Attorney, Agent or Firm: Naigur; Marvin A.
Claims
We claim:
1. A centrifugal fan assembly including a rotary resonator cutoff device
adapted for achieving noise reduction from the fan, comprising:
(a) a housing having an inlet and a discharge opening and containing a
rotatable bladed impeller attached to a drive means;
(b) a casing attached onto said housing of the centrifugal fan at a
location near its discharge opening;
(c) a cylindrical-shaped rotor rotatably supported within said casing, said
rotor having a plurality of resonator cavities of varying depth provided
transfer to the rotor for absorption of sound pulses generated by rotation
of the fan impeller, said cavities each having a length/diameter ratio in
the range of 8/1-16/1; and
(d) drive means connected to said rotor for rotating the rotor within said
casing at a speed relative to the rotary blade cutoff speed of the
centrifugal fan impeller, whereby noise generated by operation of the
centrifugal fan is significantly reduced by being absorbed within the
resonator cavities of said rotor.
2. A rotary resonator cutoff device adapted for use with a centrifugal fan
for reducing noise generated by operation of a bladed impeller of the fan,
the device comprising:
a casing having dual end plates adapted for attachment onto a housing of a
centrifugal fan at a location adjacent and below the housing discharge
opening;
a cylindrical-shaped rotor rotatably supported within said casing, said
rotor having a plurality of resonator cavities of varying depth provided
in the rotor transverse to the rotor axis for absorption of sound pulses
generated by rotation of the fan, said cavities each having a
length/diameter ratio in the range of 8/1-16/1; and
drive means connected to one end of said rotor for rotating it within said
casing at a speed relative to the rotary blade cutoff speed of the
centrifugal fan impeller, whereby noise generated by operation of the
centrifugal fan is appreciably reduced by being absorbed within the
resonator cavities of said rotor.
3. A rotary cutoff resonator device adapted for use with a centrifugal fan
for reducing noise generated by operation of a bladed impeller of the fan,
comprising:
a casing adapted for attachment onto a housing of a centrifugal fan near a
discharge opening in the housing;
a cylindrical-shaped rotor rotatably supported within said casing, said
rotor having a plurality of resonator cavities of varying depth provided
in the rotor for absorption of sound pulses generated by rotation of the
fan impeller; and
means connected to said rotor for rotating it within said casing relative
to the centrifugal fan impeller, whereby noise generated by operation of
the centrifugal fan is appreciably reduced by being absorbed within the
resonating cavities of said rotor.
4. A rotary resonator device according to claim 3, wherein said rotor is
rotatably supported at each end by bearing means attached to the fan
housing.
5. A rotary resonator device according to claim 3, wherein said rotor is
rotatable in the same direction as the impeller of the centrifugal fan to
which it is attached.
6. A rotary resonator device according to claim 3, wherein said rotor is
rotatable in a direction opposite to that of the impeller of the
centrifugal fan to which it is attached.
7. A rotary resonator device according to claim 3, wherein the resonator
cavities in said rotor are cylindrical-shaped.

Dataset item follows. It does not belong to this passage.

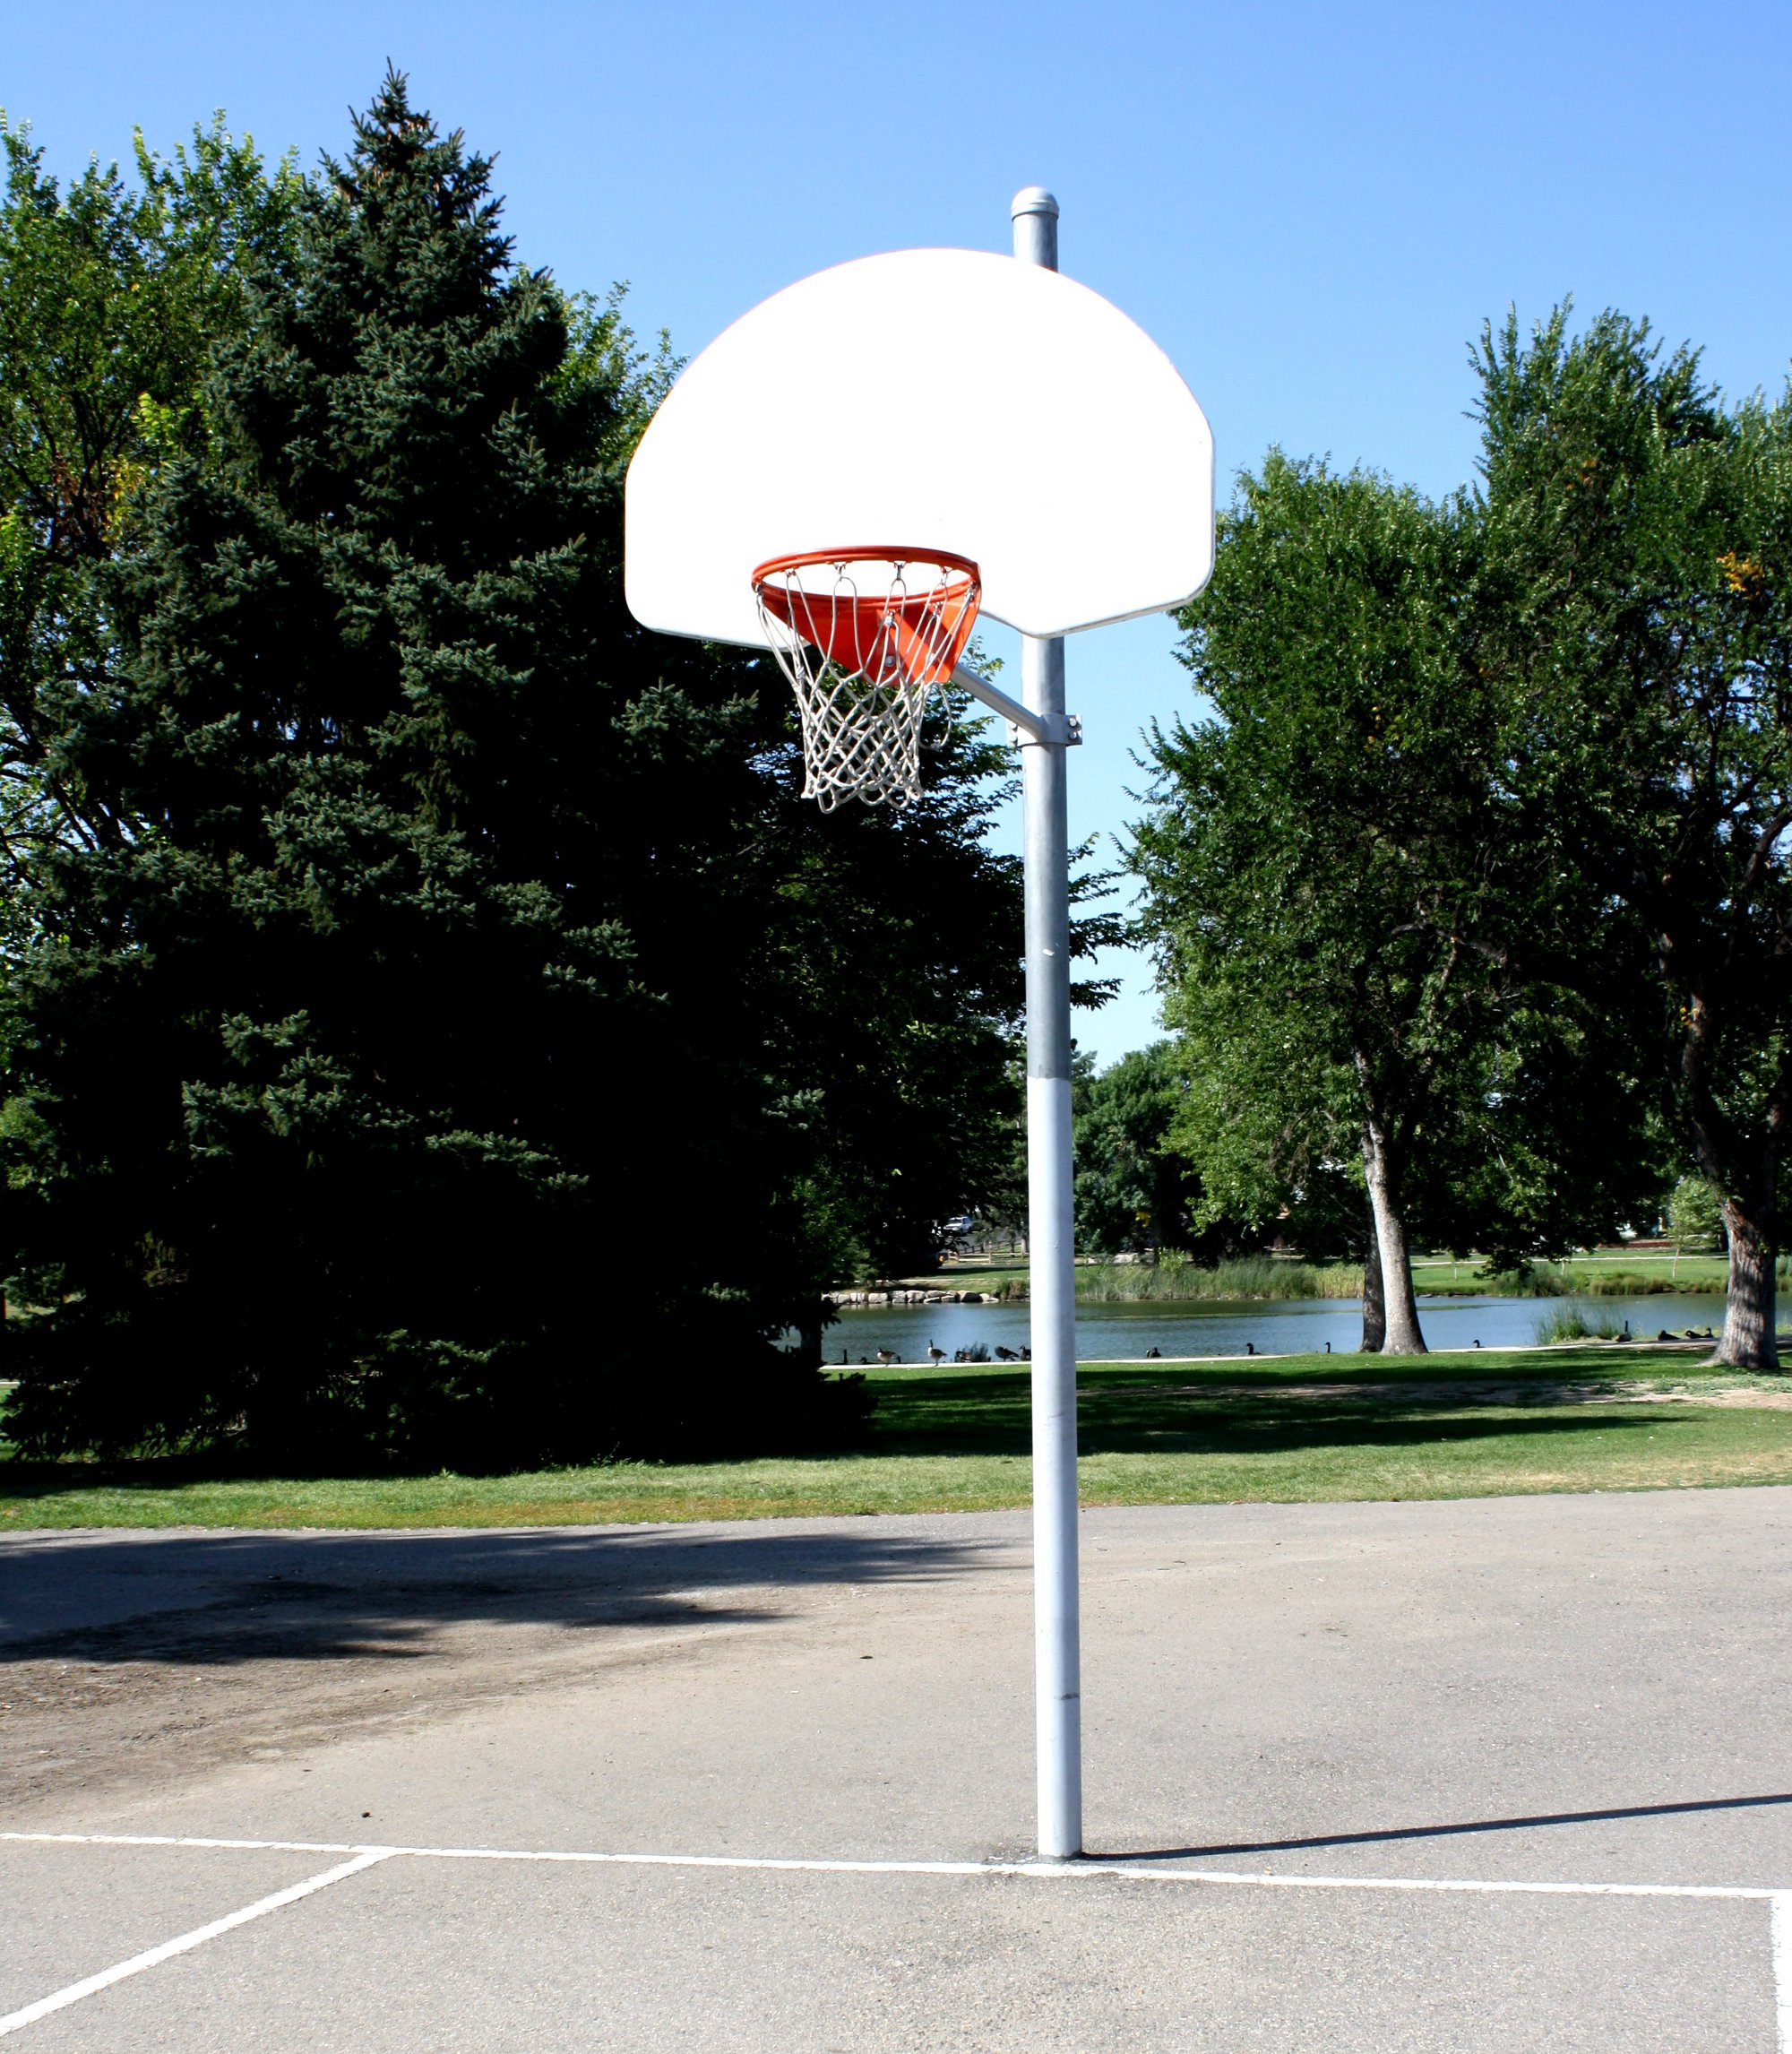 Basketball Hoop at the Park Picture | Free Photograph | Photos ...
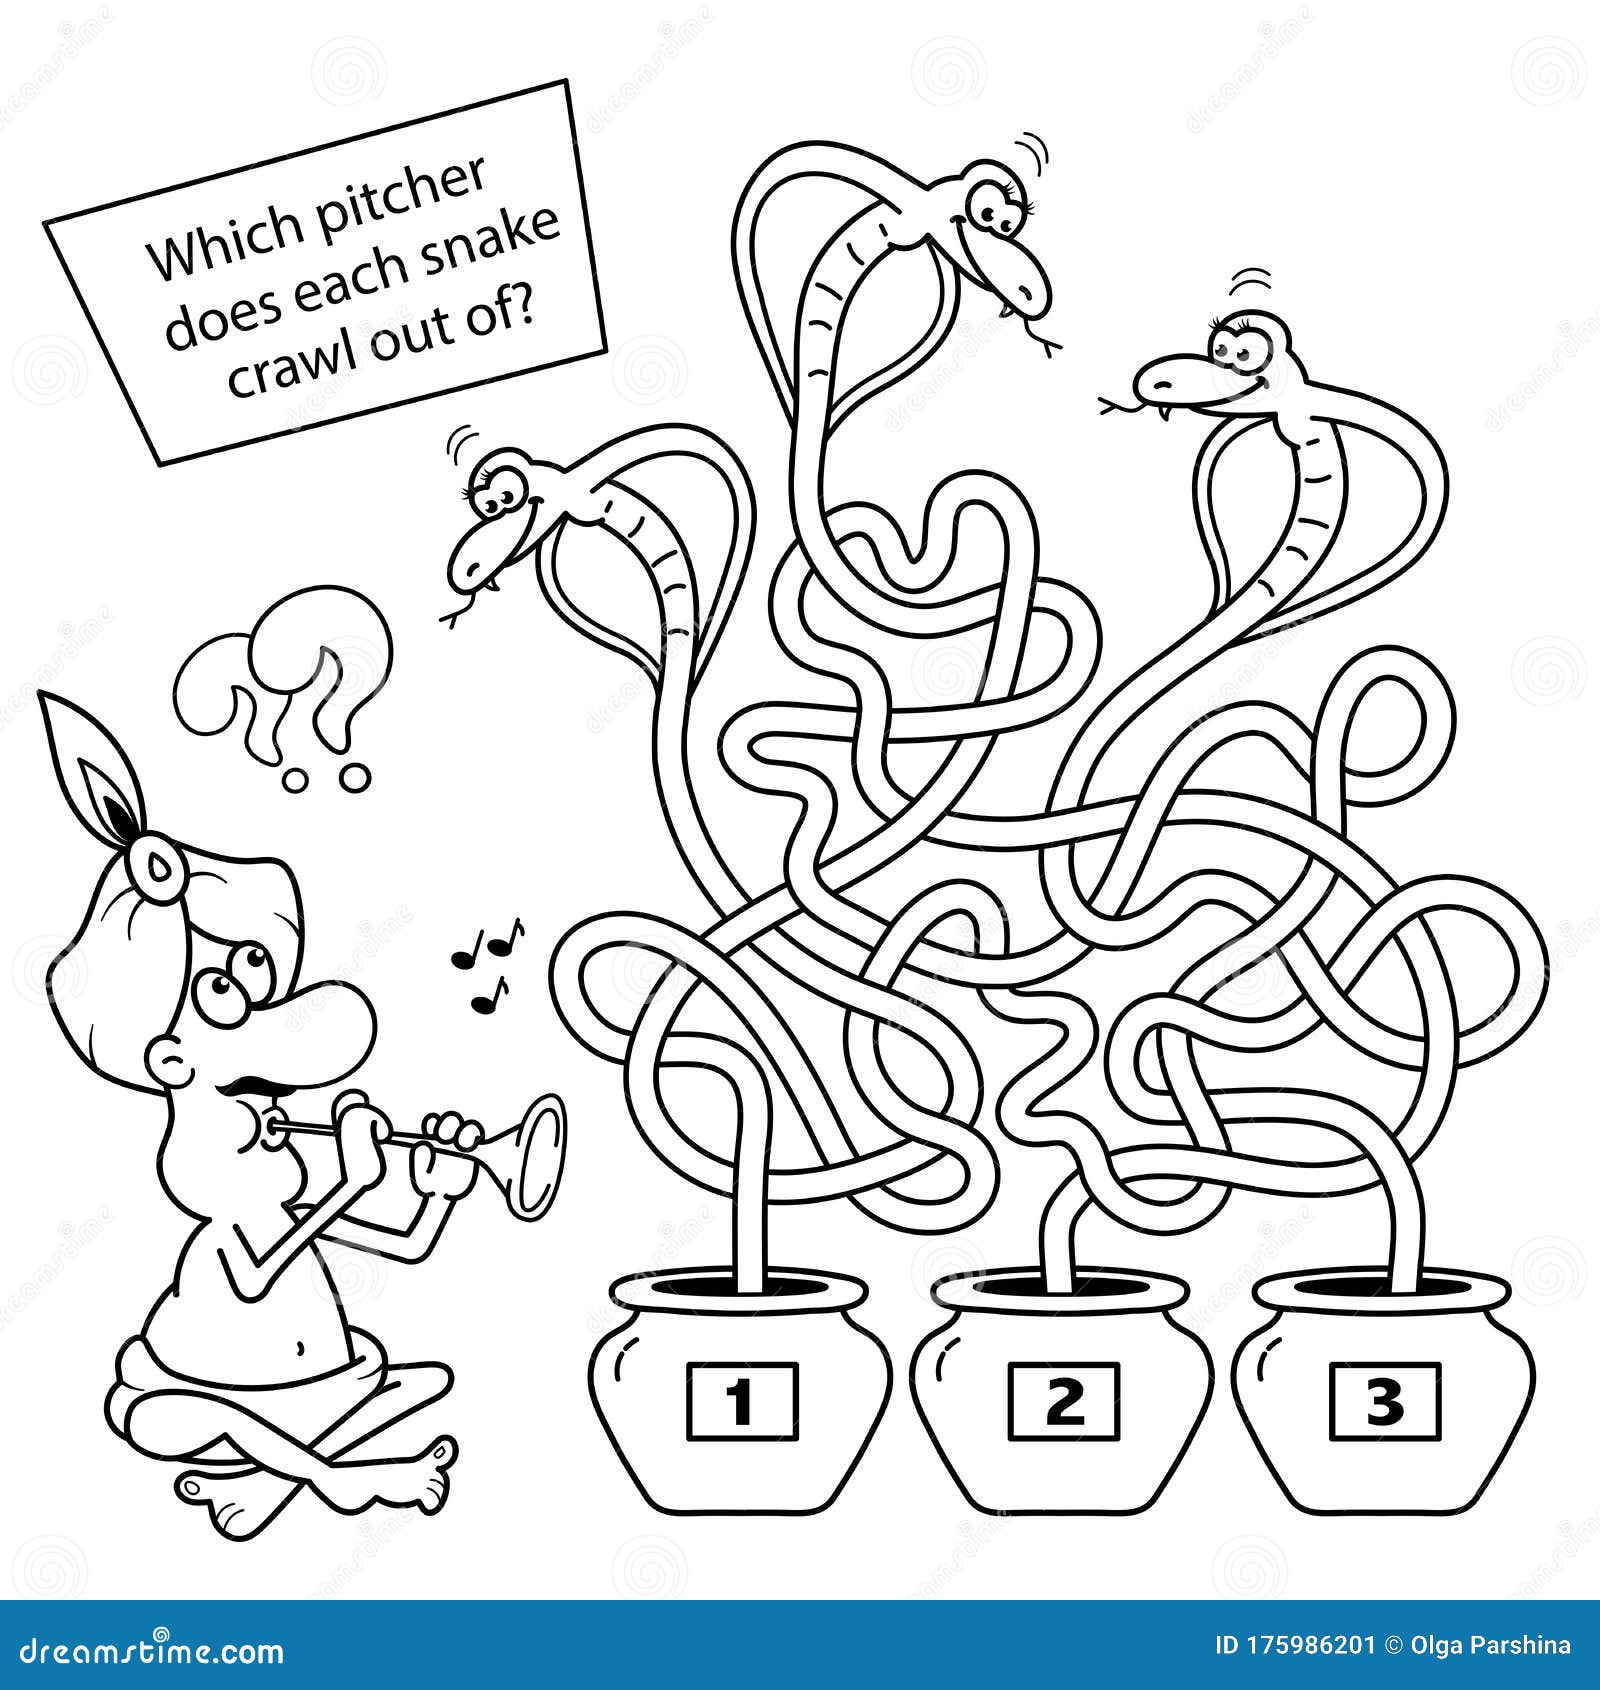 maze or labyrinth game for preschool children. puzzle. tangled road.  coloring page outline of cartoon fakir or snake charmer with

8. A rotary resonator device according to claim 3, wherein said resonator
cavities are oriented transverse to the rotor axis.
9. A rotary resonator device according to claim 3, wherein said resonator
cavities in said rotor each has a length/diameter ratio in the range of
8/1-16/1.
10. A rotary resonator device according to claim 3, wherein the resonator
cavities are of the Helmholtz resonator type.
11. A rotary resonator device according to claim 3, wherein said casing and
rotor are attached to a housing of a centrifugal fan at a location
adjacent and below the fan discharge opening.
12. A rotary resonator device according to claim 3, wherein said rotor
includes rotary drive means and is rotatable at surface speeds which are
variable with the rotary speed of the centrifugal fan impeller.
13. A rotary resonator device according to claim 3, wherein said rotor has
diameter of 8-24 inches, length of 12-36 inches, and contains 30-100
resonator cavities.
14. A rotary resonator device according to claim 11, wherein the angle of
the resonator cavities in said rotor is rotatably adjustable relative to
the fan impeller axis.
15. A method for reducing noise produced by operation of centrifugal fans,
comprising:
(a) attaching a rotary cut off device onto a centrifugal fan housing at a
location near the housing discharge opening, said device including a rotor
which is rotatable in a casing and contains a plurality of resonator
cavities sized for absorption of sound pulses generated during rotation of
the fan impeller;
(b) operating the centrifugal fan impeller at a rotary speed selected to
provide a desired gas flow rate and discharge pressure from the fan; and
(c) rotating said rotor at a surface speed equal to 30-100% that of the fan
bladed impeller so as absorb noise in the rotor resonator cavities and
provide reduced noise from the centrifugal fan.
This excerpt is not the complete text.